▶ _How to complete this task_:
Apart from the pictures, everything in the lines below must be printed exactly.

▶ _Given material_:
---

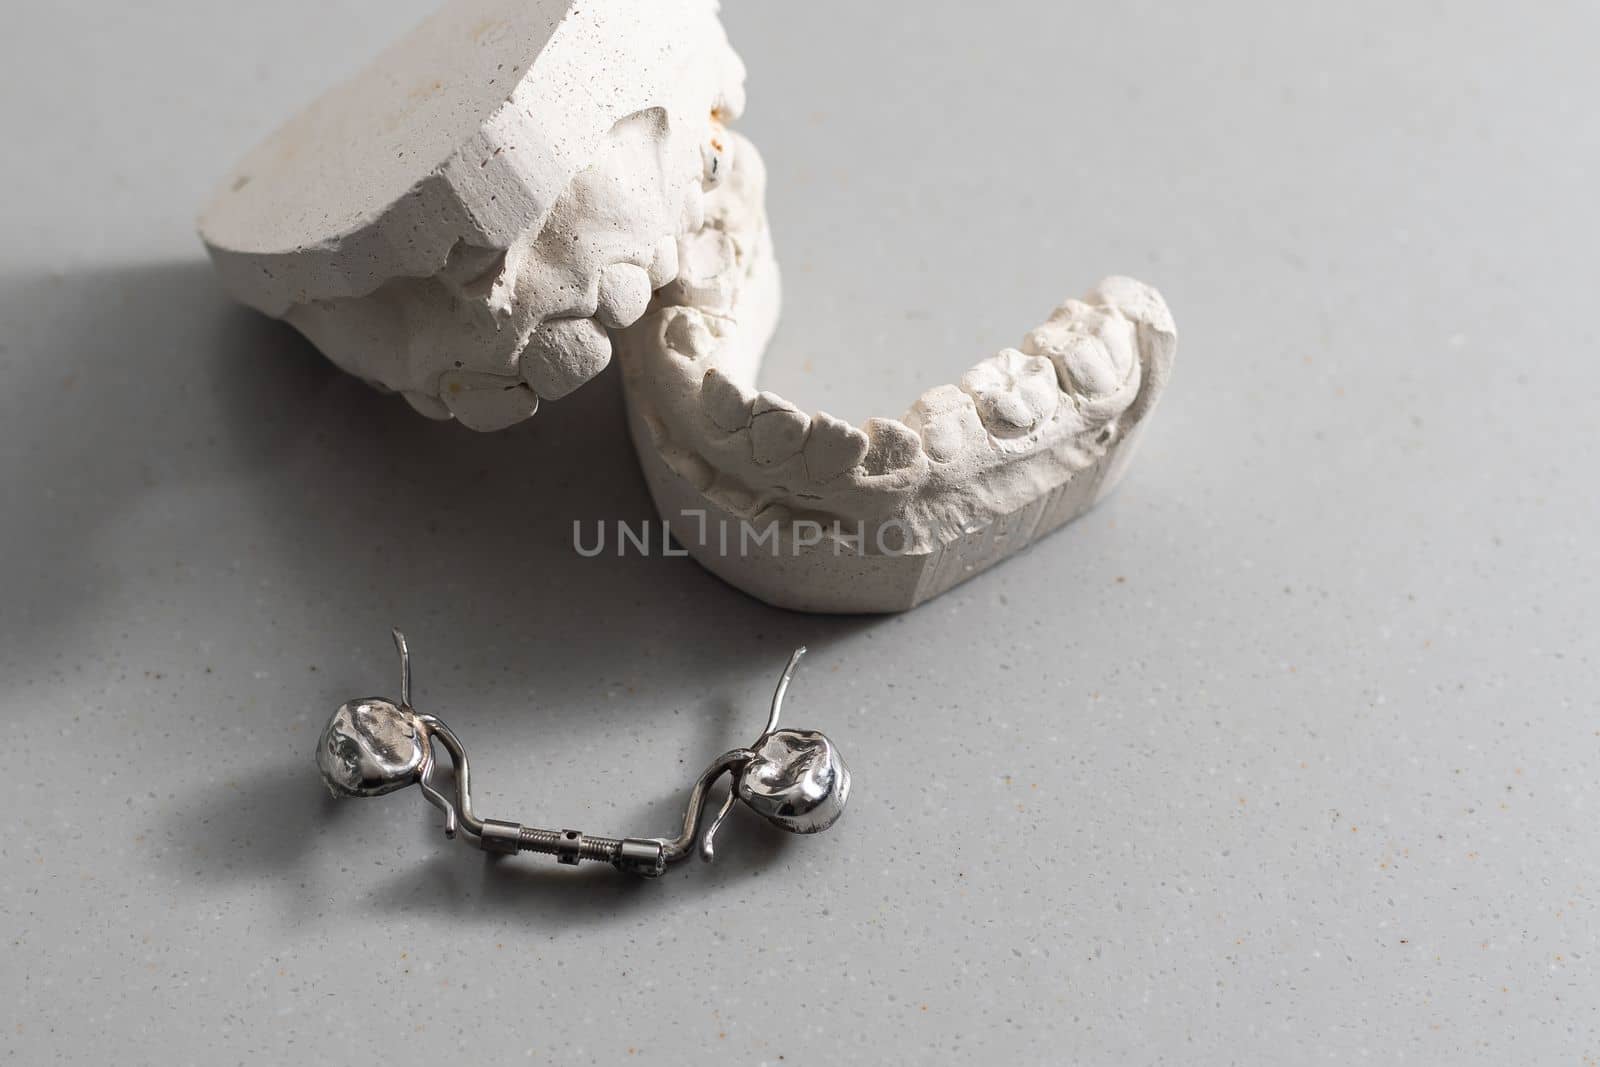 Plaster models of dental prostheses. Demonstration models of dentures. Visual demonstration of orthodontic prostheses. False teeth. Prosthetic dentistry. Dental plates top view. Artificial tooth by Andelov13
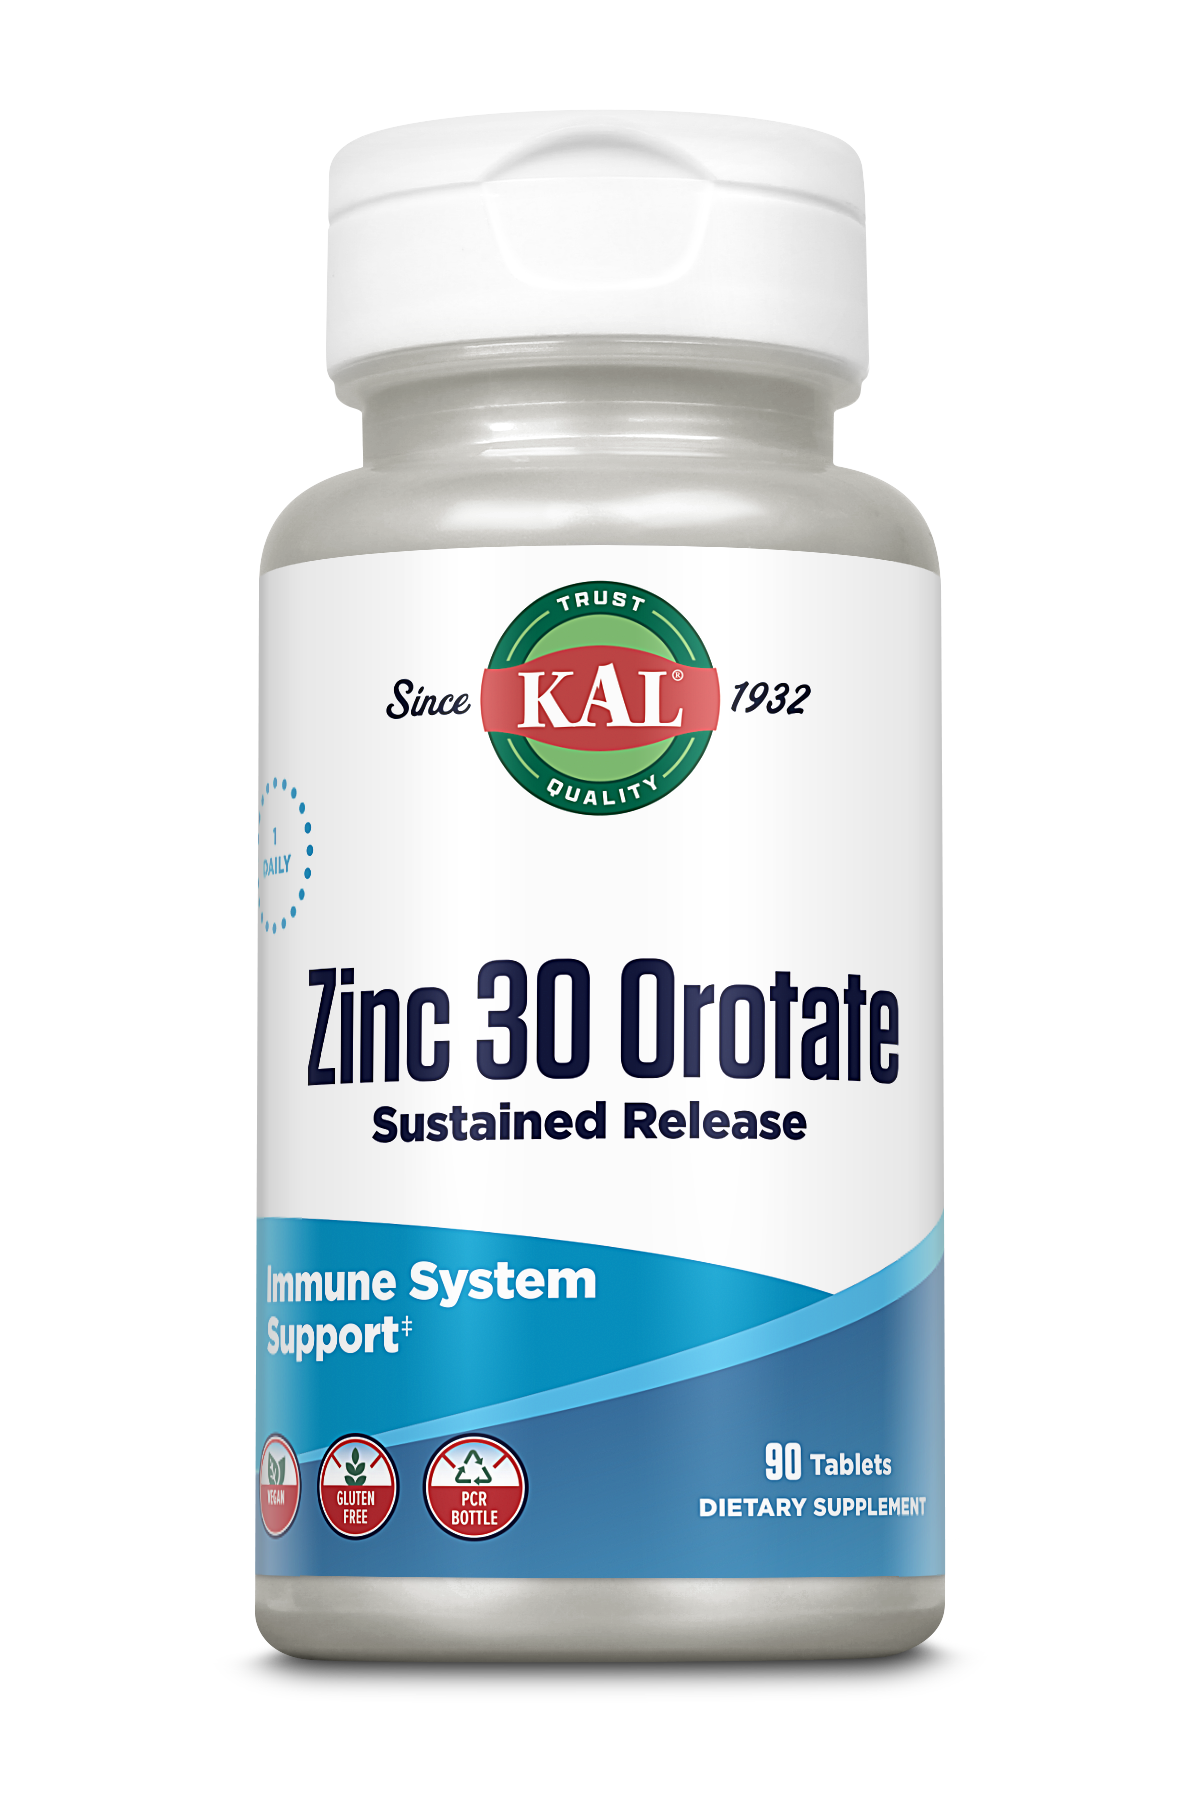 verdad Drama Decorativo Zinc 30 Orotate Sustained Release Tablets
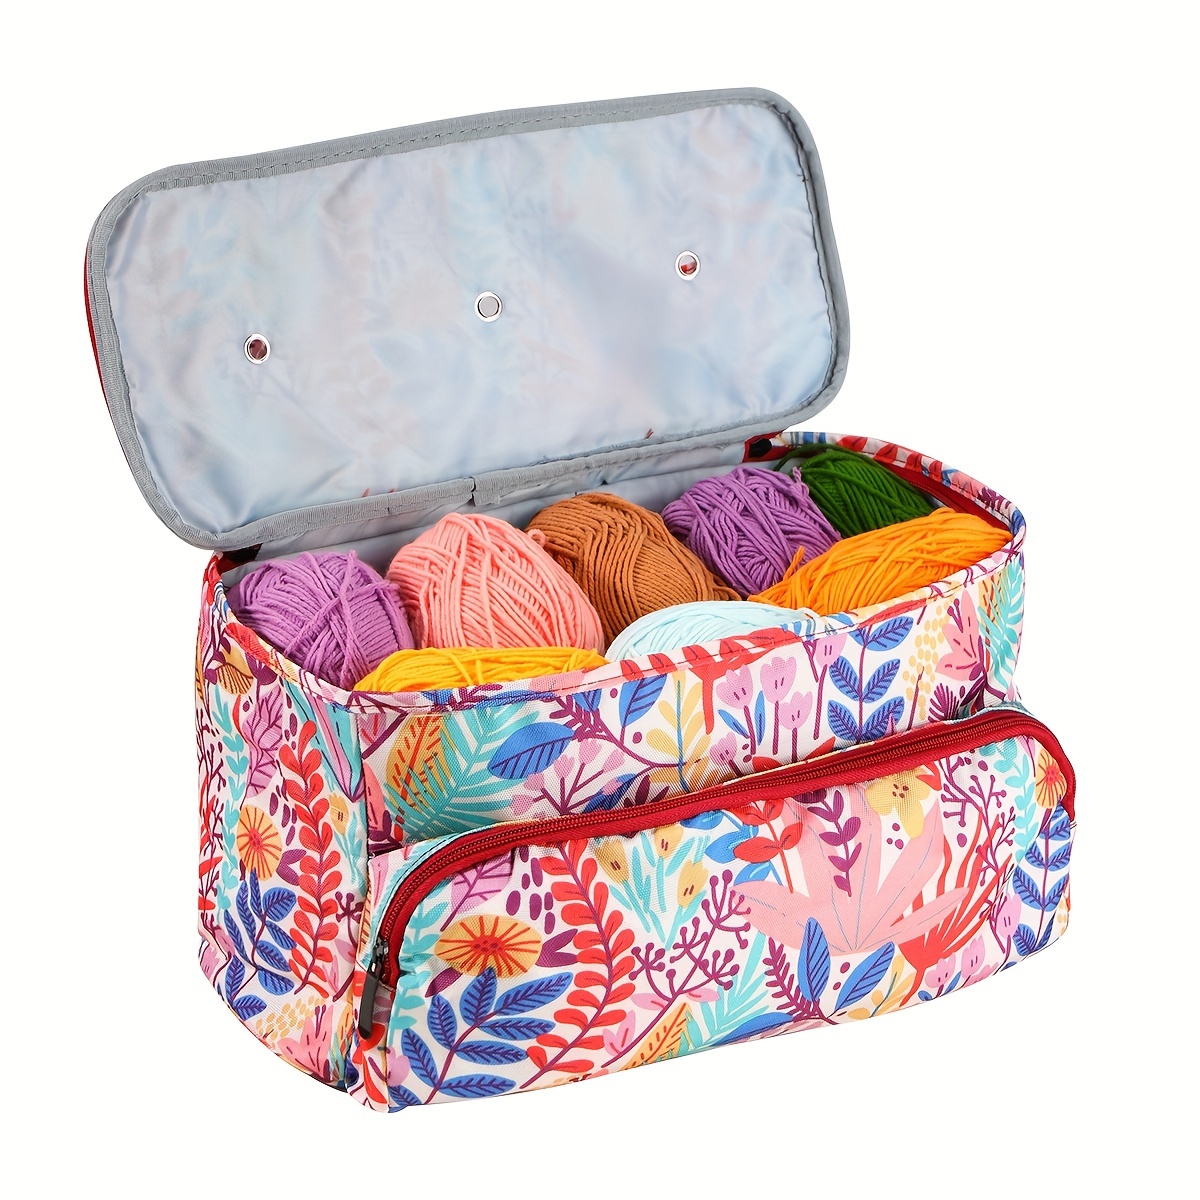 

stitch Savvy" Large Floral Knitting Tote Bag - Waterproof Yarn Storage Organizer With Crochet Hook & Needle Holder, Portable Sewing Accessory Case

---

▶ _Worked solution_:
 Plaster models of dental prostheses. Demonstration models of dentures. Visual demonstration of orthodontic prostheses. False teeth. Prosthetic dentistry. Dental plates top view. Artificial tooth by Andelov13
 verdad Drama Decorativo Zinc 30 Orotate Sustained Release Tablets

stitch Savvy" Large Floral Knitting Tote Bag - Waterproof Yarn Storage Organizer With Crochet Hook & Needle Holder, Portable Sewing Accessory Case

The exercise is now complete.